Friday, September 27, 2019

Letter: Marx and the Dictatorship of the Proletariat. (1946)

Letter to the Editors from the April 1946 issue of the Socialist Standard
In our January issue we replied to a letter from W. D. B. (Cardiff). We have received a further letter.
Cardiff, Glamorgan.
Sirs,

Your remarks in the January issue on the "dictatorship of the proletariat" smack somewhat of the bourgeois, legalistic idea of "freedom." Compare Engels' letter to Bebel (Marx-Engels Correspondence, page 337): "As, therefore, the state is only the transitional institution which is used in the struggle, in the revolution, in order to hold down one's adversaries by force. . . .  So long as the proletariat still uses the State, it does not use it in the interests of freedom, but in order to hold down its adversaries, and as soon as it becomes possible to speak of freedom, the State as such ceases to exist." (My italics.)

Even though a majority may declare for Socialism, it by no means follows that Socialism will be established without the use of force, or that freedom for a powerful minority will not have to be drastically curtailed.
Yours faithfully,
W. B. D.

Reply.
In our correspondents first letter he complained that “the S.P.G.B. does not attempt to deal with Marx’s and Engels’s repeated reference to the 'dictatorship of the proletariat' . . . nor does it attempt to reconcile this conception with its own conception of 'democracy.' ’’

On the first point we showed that this question has often been dealt with in our columns.

On the second point we quoted Engels’s statement that you could see what the "dictatorship of the proletariat" looks like by looking at the Paris Commune, and we stated that the Paris Commune was an instance of majority control based upon democratic elections and that there was no suppression of newspapers or of the propaganda of the minority or  of their right to vote.

Our correspondent in his further letter does not dispute these statements, but makes the assertion that to him our remarks "smack somewhat of the bourgeois legalistic idea of 'freedom,' " and proceeds to quote from a letter written by Engels to show that Engels held that the working class so long as it uses the State would use it to hold down its adversaries.

We are quite unable to see the point of this quotation from Engels since that matter is not disputed by us.
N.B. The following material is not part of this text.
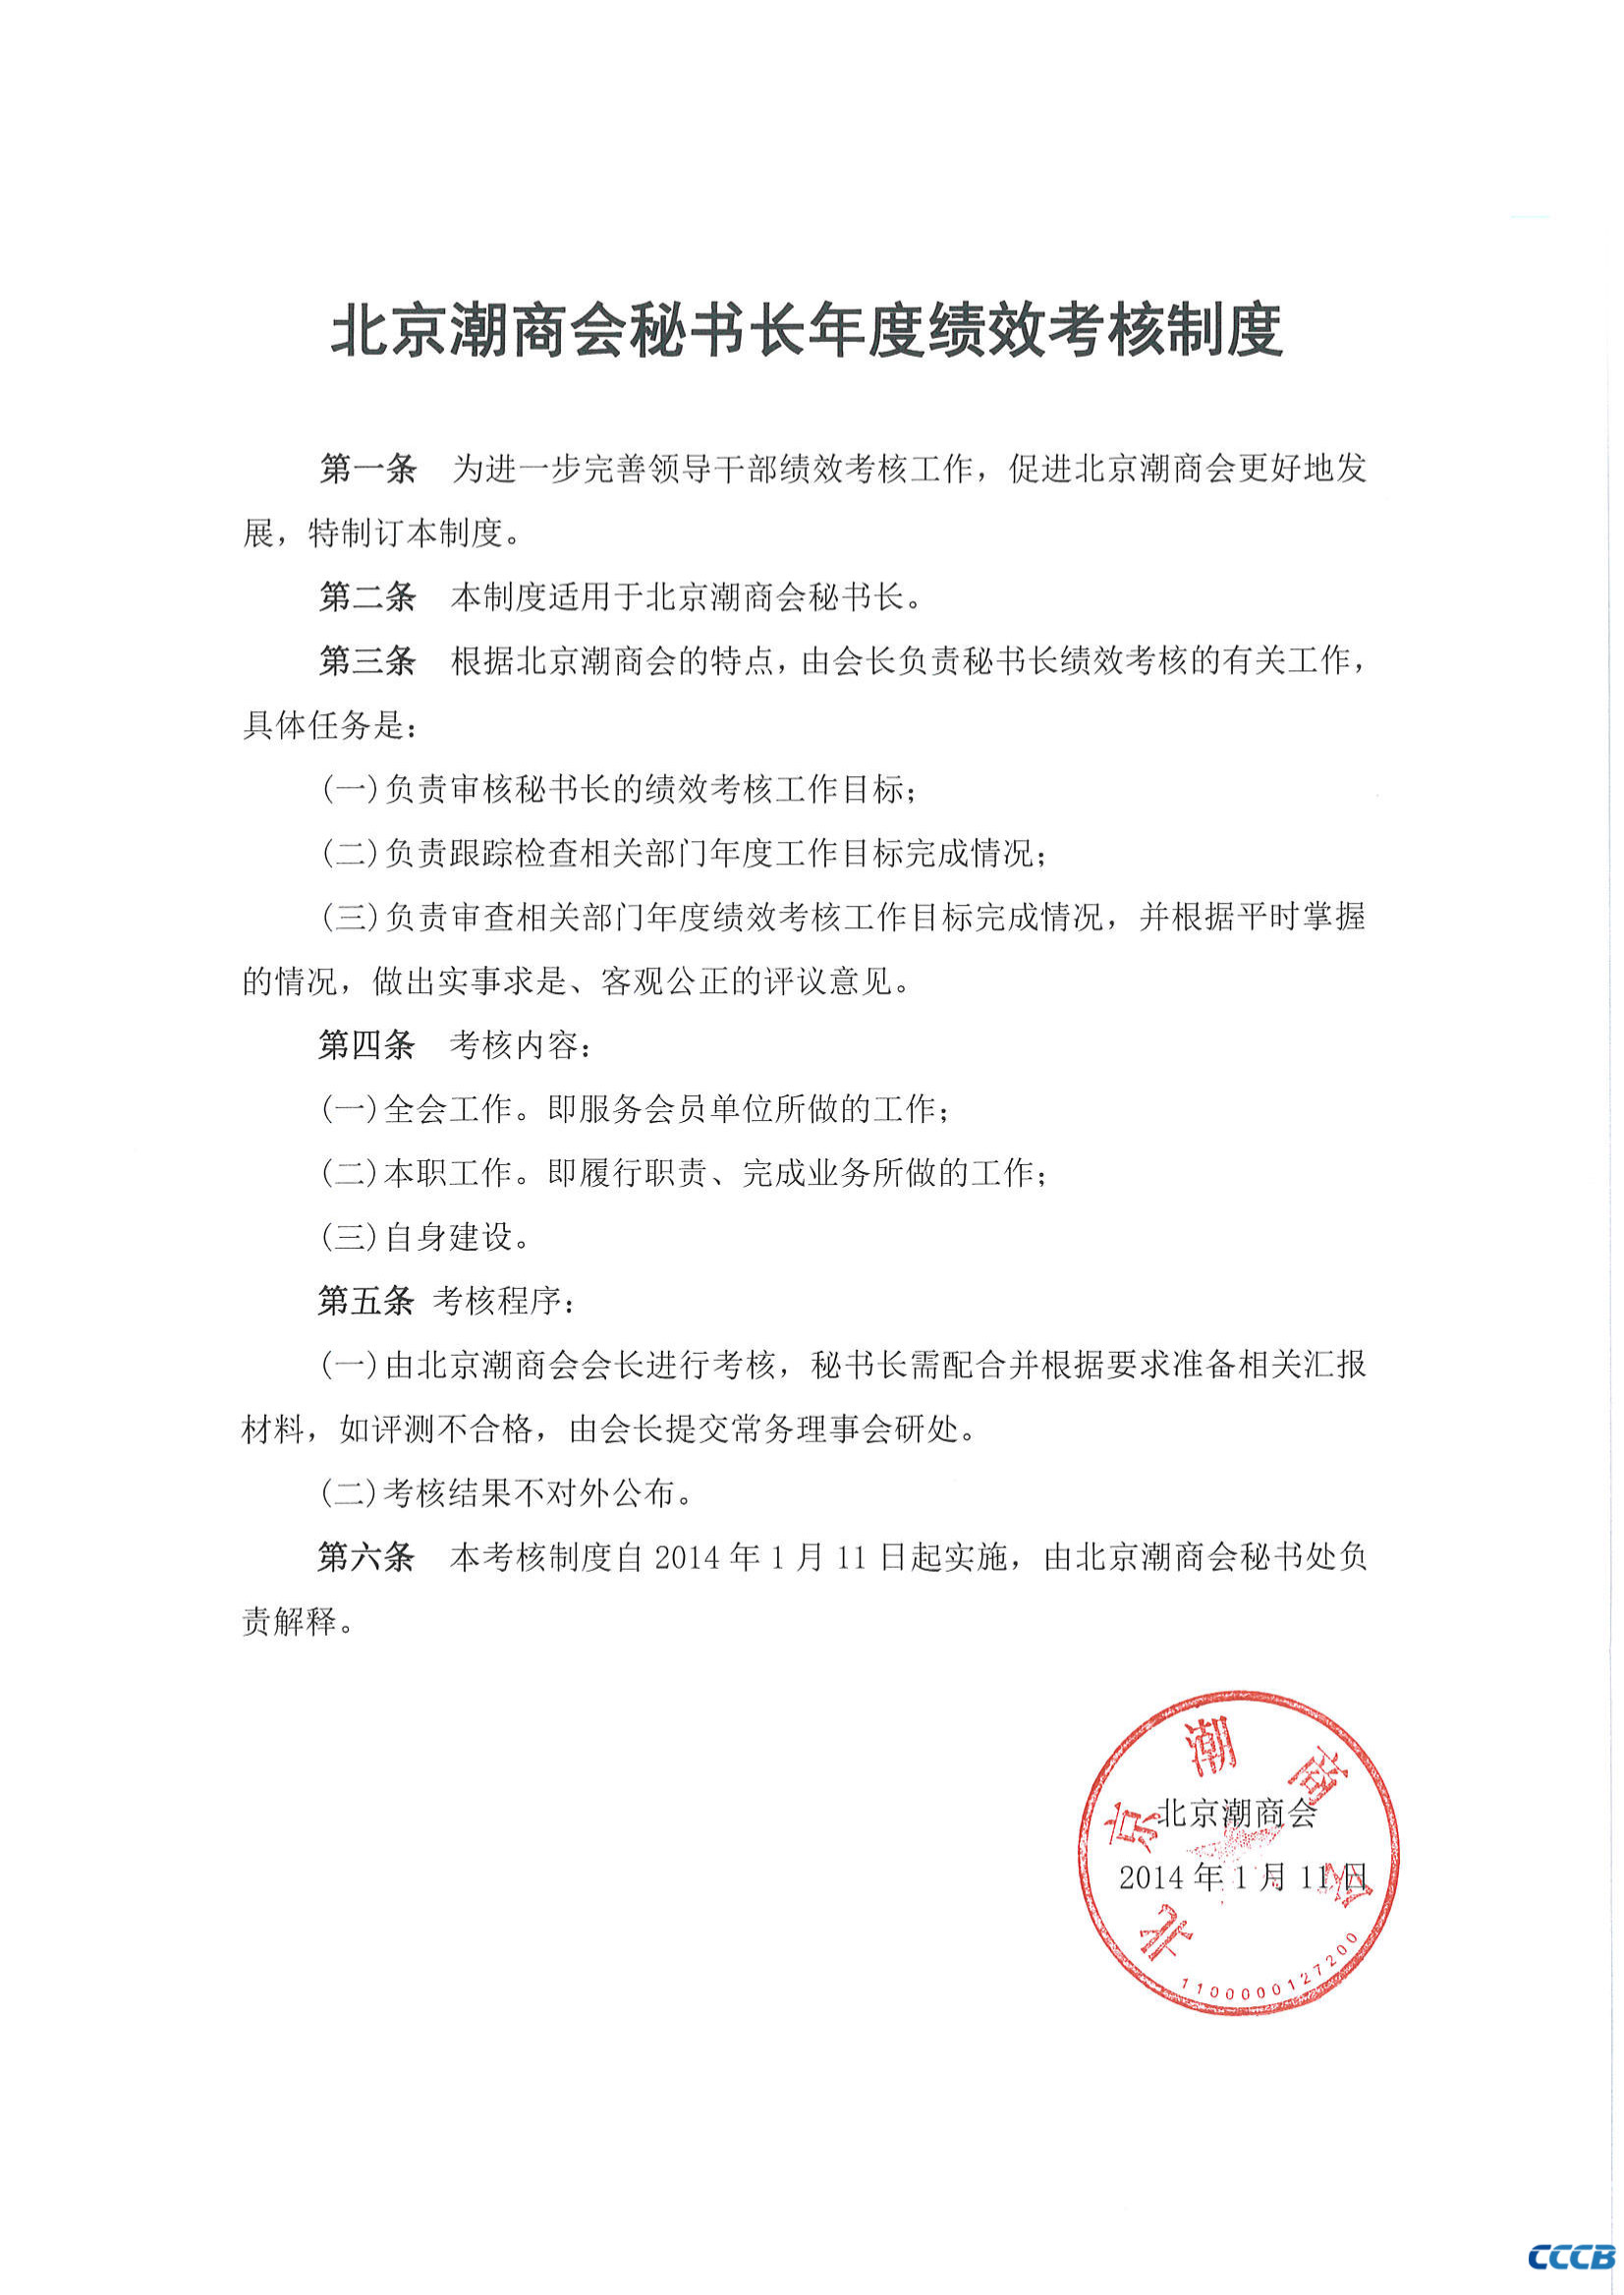 北京潮商会秘书长年度绩效考核制度

Of course, if a minority should seek to use force to overthrow Socialism against the wishes of the majority, the majority through the control of the machinery of government will prevent the minority from so doing.
We repeat, therefore, that we accept Engels’s statement that when he talked of "dictatorship of the proletariat" he meant majority rule based on democratic elections as in the Commune.

The particular passage from Engels’s letter to Bebel should be read in conjunction with what preceded it, and with the passage omitted by our correspondent. Engels was attacking a German organisation’s programme, which contained reference to a "free people’s state," and the passage omitted from the middle of the statement quoted by our correspondent reads: "it is pure nonsense to talk of a 'free people’s state.' "

As we have not talked the nonsense of a "free people’s state" Engels’s criticism does not apply to us.